The 21 co-authors, including Ethereum researcher Vivek Raman, lay out what they call the “Bull Case for ETH,” pointing to both technical and macroeconomic factors that, in their view, make Ethereum one of the most undervalued digital assets on the market today.
Why ETH Might Be Undervalued
One of the key structural arguments centers on Ethereum’s supply dynamics. Following the EIP-1559 upgrade in 2021, Ethereum introduced a token burn mechanism that permanently removes a portion of transaction fees from circulation. Since then, ETH’s net supply inflation has dropped to about 0.092% annually — lower than both Bitcoin and fiat currencies. This capped and potentially deflationary supply, especially during periods of high on-chain activity, is seen as a strong foundation for long-term value.
“When you realize that you have this capped growth on supply, you’re looking at a very secure, sustainable asset,” Raman said.
He emphasized that Ethereum’s lag behind Bitcoin is not a sign of weakness, but rather a rare investment opportunity.
Institutional Interest Is Rising
ETH is currently trading well below its 2021 peak of nearly $4,900. However, some bullish forecasts in the report suggest short-term potential targets as high as $8,000 — and long-term valuations ranging from $80,000 to $740,000 if Ethereum evolves into a reserve or commodity-like asset.
That vision may be gaining traction. The Strategic ETH Reserve — backed by Ethereum co-founder Joe Lubin — reportedly holds around $2 billion worth of ETH. Major blockchain applications and decentralized autonomous organizations (DAOs) also collectively control tens of thousands of ETH, reflecting a trend of strategic accumulation reminiscent of Bitcoin’s “digital gold” narrative.
“There are already parallels to Michael Saylor’s approach with Bitcoin,” the report states, referencing the MicroStrategy CEO’s aggressive BTC purchasing strategy.
Not Everyone Agrees
Still, opinions within the Ethereum community vary. Jon Charbonneau, co-founder of DBA and a known Ethereum supporter, believes ETH is also mispriced — just in the opposite direction. “ETH is too expensive,” he’s argued, recommending against holding the asset despite being a long-term believer in the technology.
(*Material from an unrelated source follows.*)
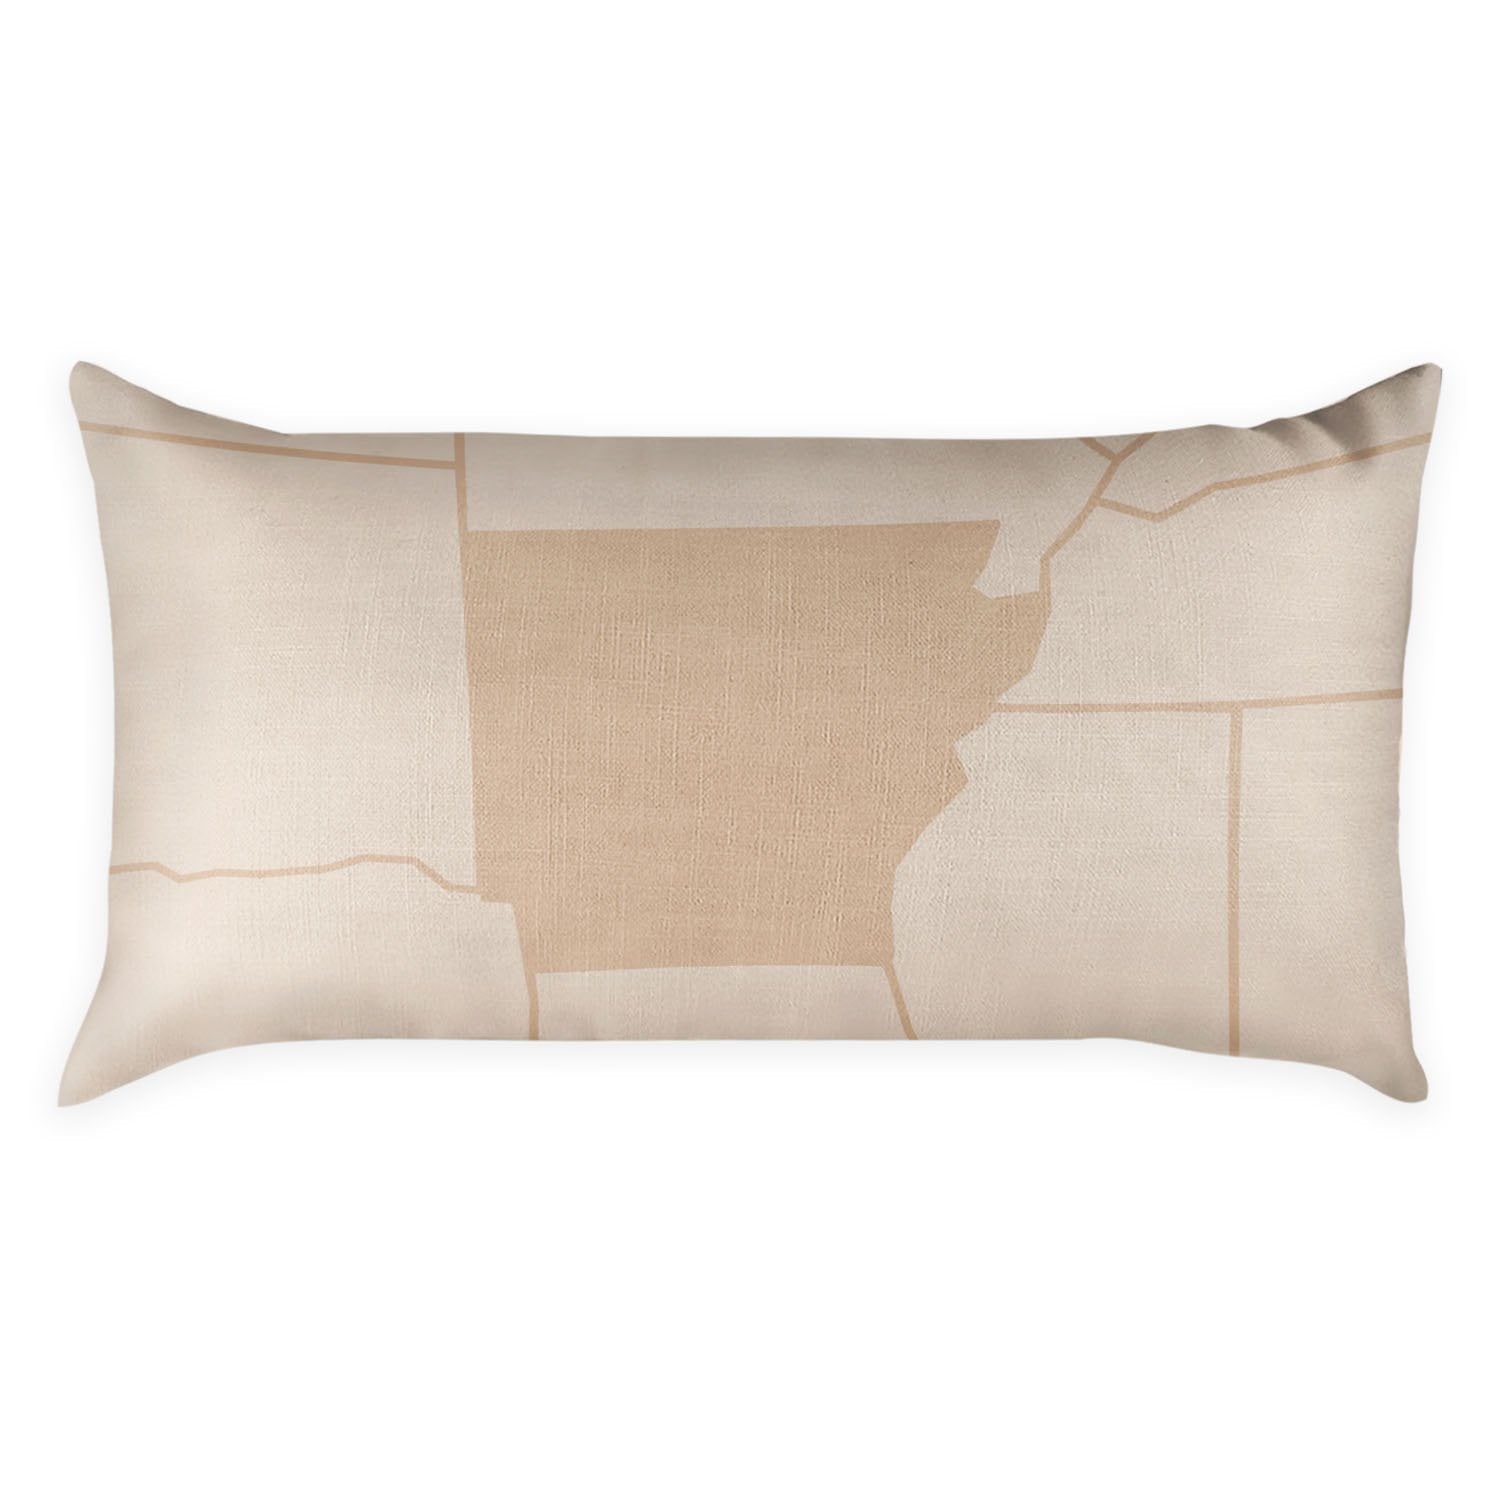 Arkansas Lumbar Pillow - Linen -  - Knotty Tie Co.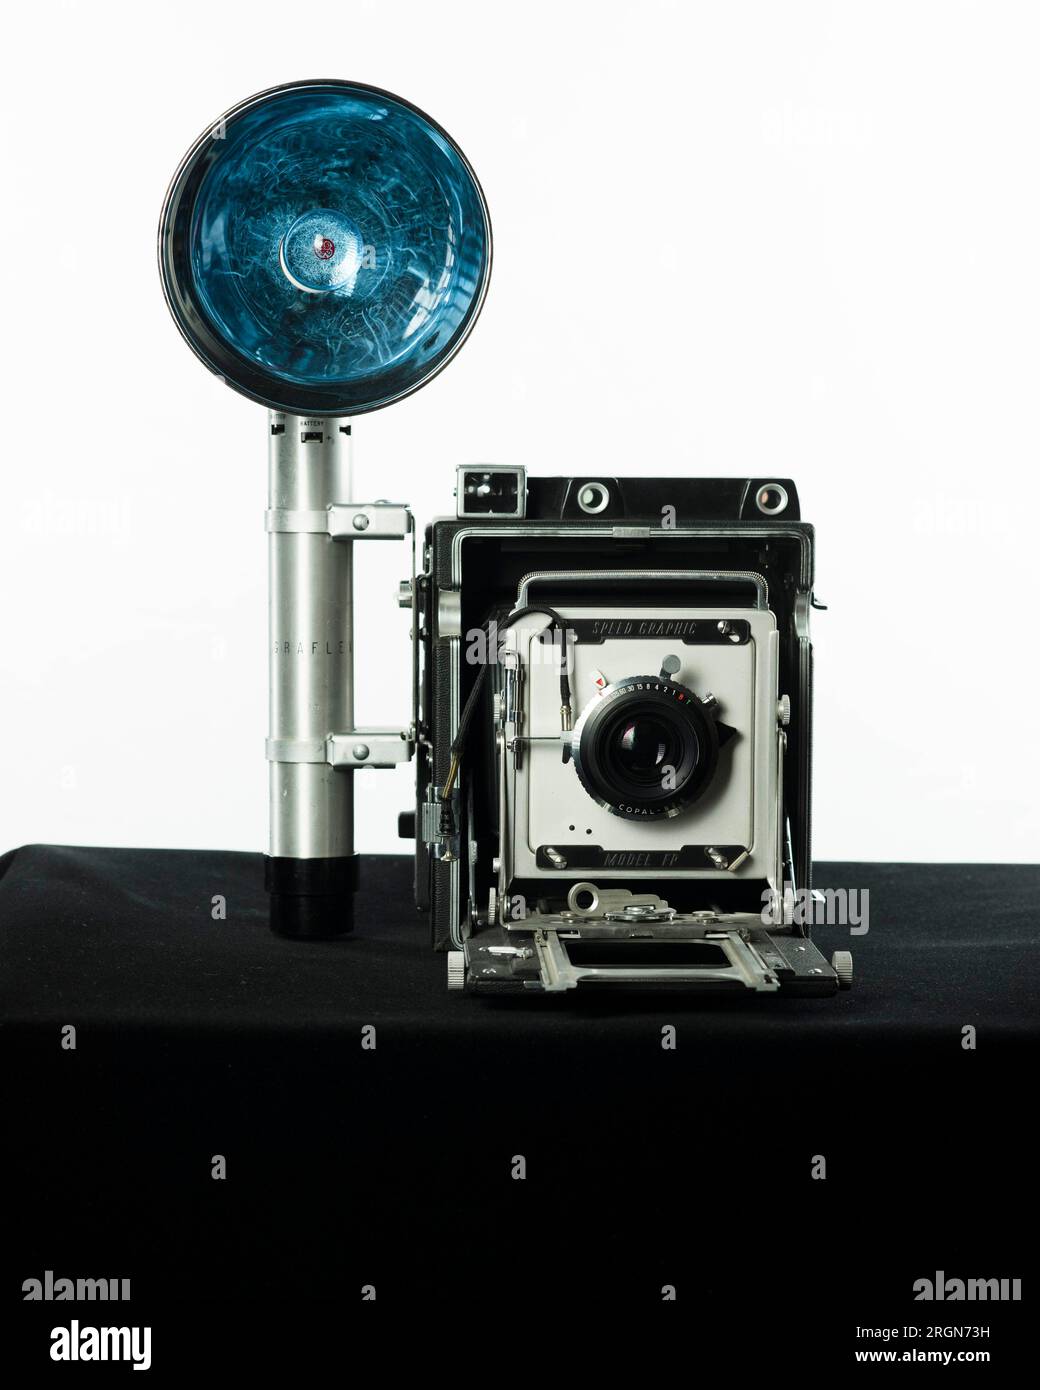 Histoire du FBI : caméra graphique Graflex Speed, produite à l'origine en  1912 par Gralfex et améliorée en 1947. Cet appareil a été fabriqué jusqu'en  1973. Le Graflex Speed Graphic Camera a

This divergence of views underscores Ethereum’s complex value proposition. Unlike Bitcoin, which has gained institutional acceptance as a digital store of value, Ethereum’s narrative is more multifaceted — combining elements of tech, finance, and infrastructure.
Ethereum’s Evolving Identity
As Ethereum continues to evolve, so too does its leadership. The Ethereum Foundation recently appointed two new co-directors tasked with sharpening the network’s public and institutional messaging. Meanwhile, Raman and Ethereum core developer Danny Ryan have launched Etherealize, a think tank focused on engaging with governments and institutional investors.
Ethereum currently secures over $767 billion worth of assets and dominates areas like stablecoins, real-world asset tokenization, and decentralized applications. More than 80% of tokenized assets in circulation today have been issued on the Ethereum blockchain.
“ETH is more than just a token — it’s the backbone of the on-chain economy,” the report concludes. “It serves as collateral, computation, yield, and infrastructure — all at once.”